# Oliverez packages are made for...



## Wayne Smith (Dec 15, 2006)

I recently installed 100 Italian Olivarez packages onto HSC and agree they are good quality. All the queens were alive and kicking and the bees were very gentle. Out of the first 50 only one queen failed and there is lots of capped brood on the HSC. I haven't been into the second 50 yet. We installed using the water dunking method and then uncorked the queen and placed the cage into corner of the bottom board. We kept most of them locked up for 2 to 3 days so they would hold on the HSC. We opened the entrance on some hives the next morning (after install) and those held just fine.


----------



## Chrissy Shaw (Nov 21, 2006)

*I was going to keep them closed*

even though this is on Mann Lake PF-100s, but its too cool for the bees that are out after shaking-in, so i opened them. I did move a couple of full sized colonies with duct tape and that fiberglass seam tape, for spackling, easier then screen when open won't cut it. The wood cages i left corked and the JZ candy end cages i mashed into drawn comb on the drawn PF-100s. I used my hive tool an slit an opening at the top of the foundation of the PF-100s and slid the metal strip through that. Pull the corks in a day or two.

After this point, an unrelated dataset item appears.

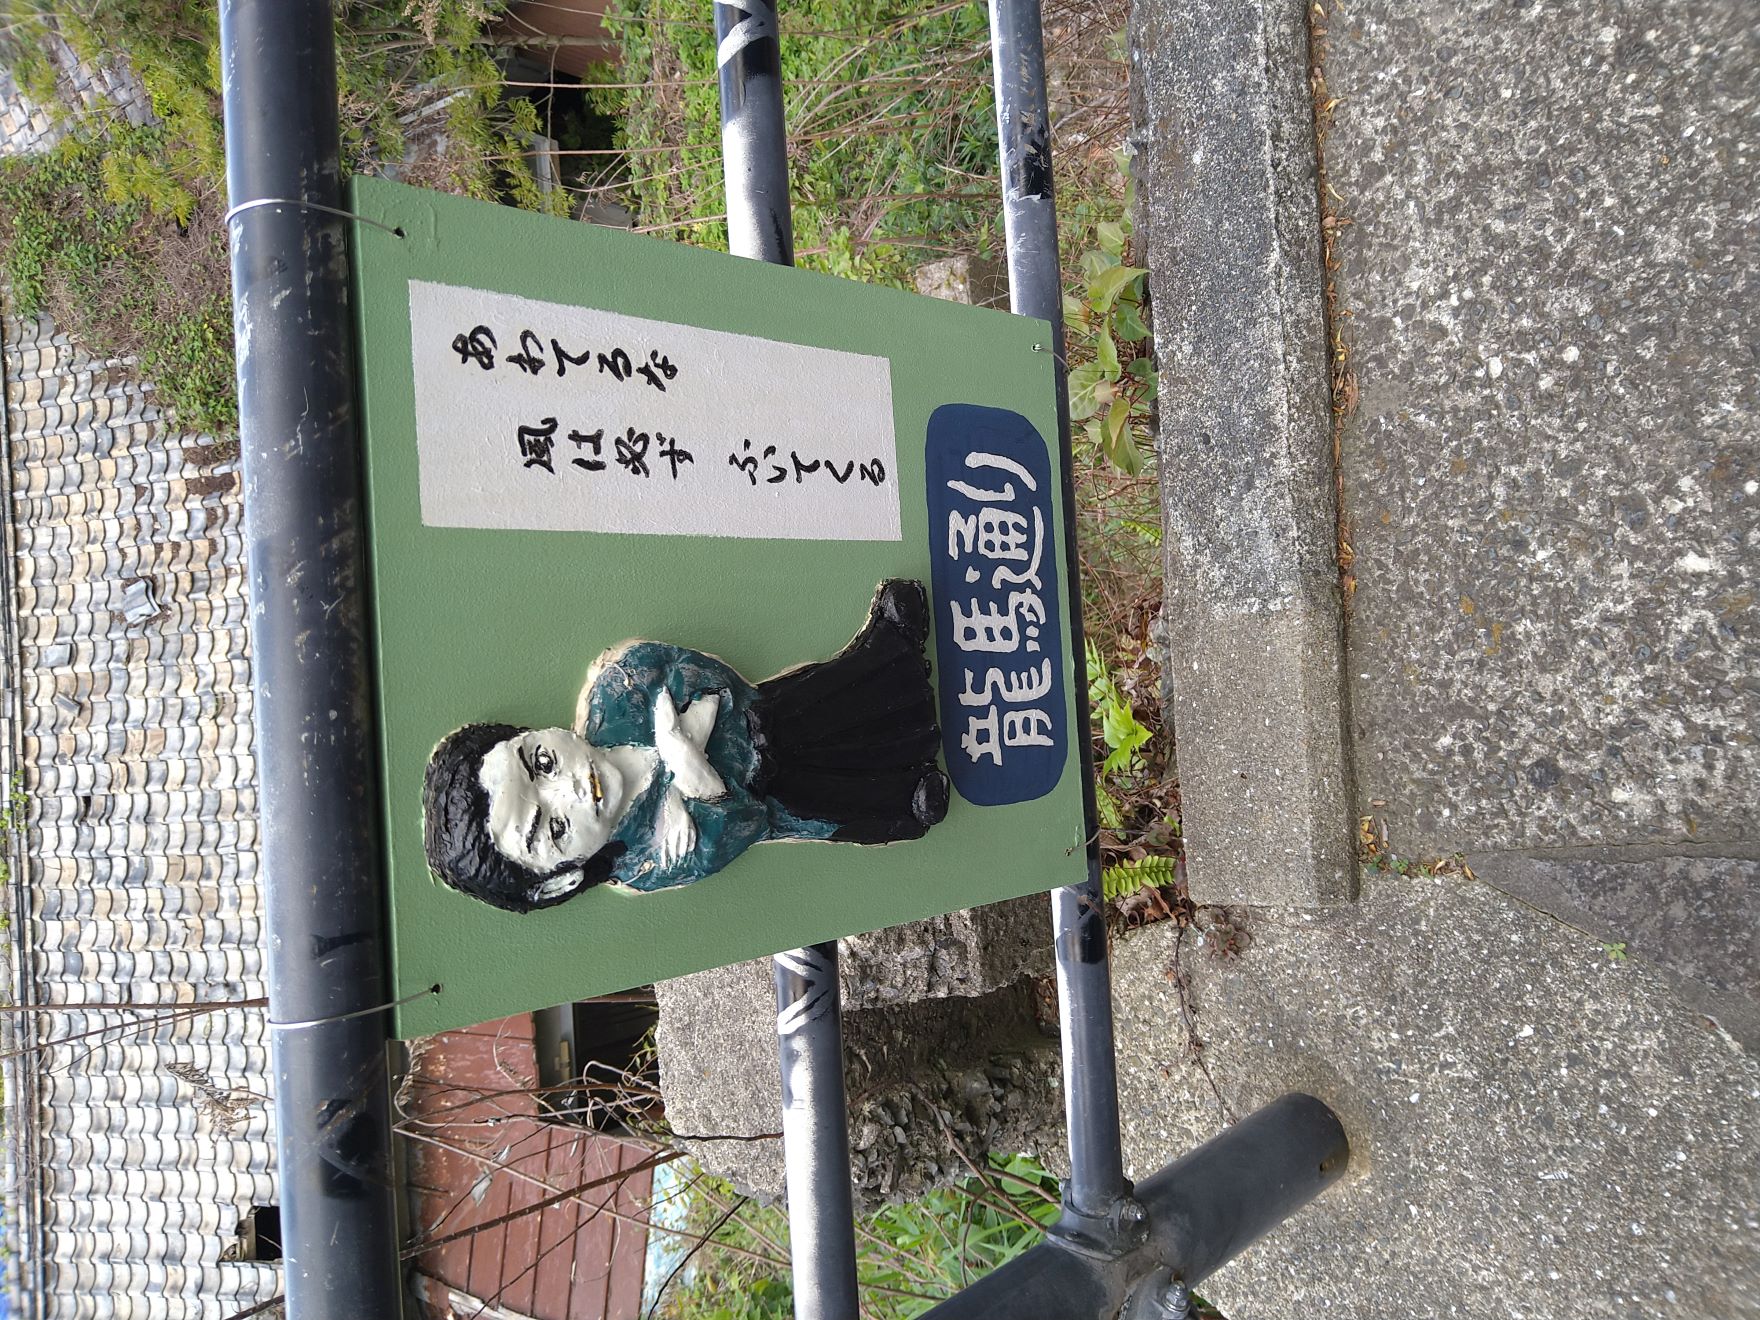 長崎県長崎市の風頭公園付近にある龍馬通りにある坂本龍馬の絵です。一言が添えられています。

I sat out this morning to see how bad the drift would be, and watching won't tell, but it seems that color variations and placements have kept day one drift down. That can be bad with young bees. I hate going in a week later and having three with one frame of bees and queen and one needing a super (LOL). These are pleasant. I fell asleep in the yard listening to the hum.

Chrissy


----------



## MichelleB (Jan 29, 2006)

I've got three packages from them. They traveled well from N. Cal to Seattle to Portland to my outyard, and two went into their boxes today. Very healthy, happy bees. The third package will be installed in the morning at another location, but I'm impressed by how few deadies there are after all these days (packaged Thursday). Nice looking queens, both NWC and Minn Hygenic.


----------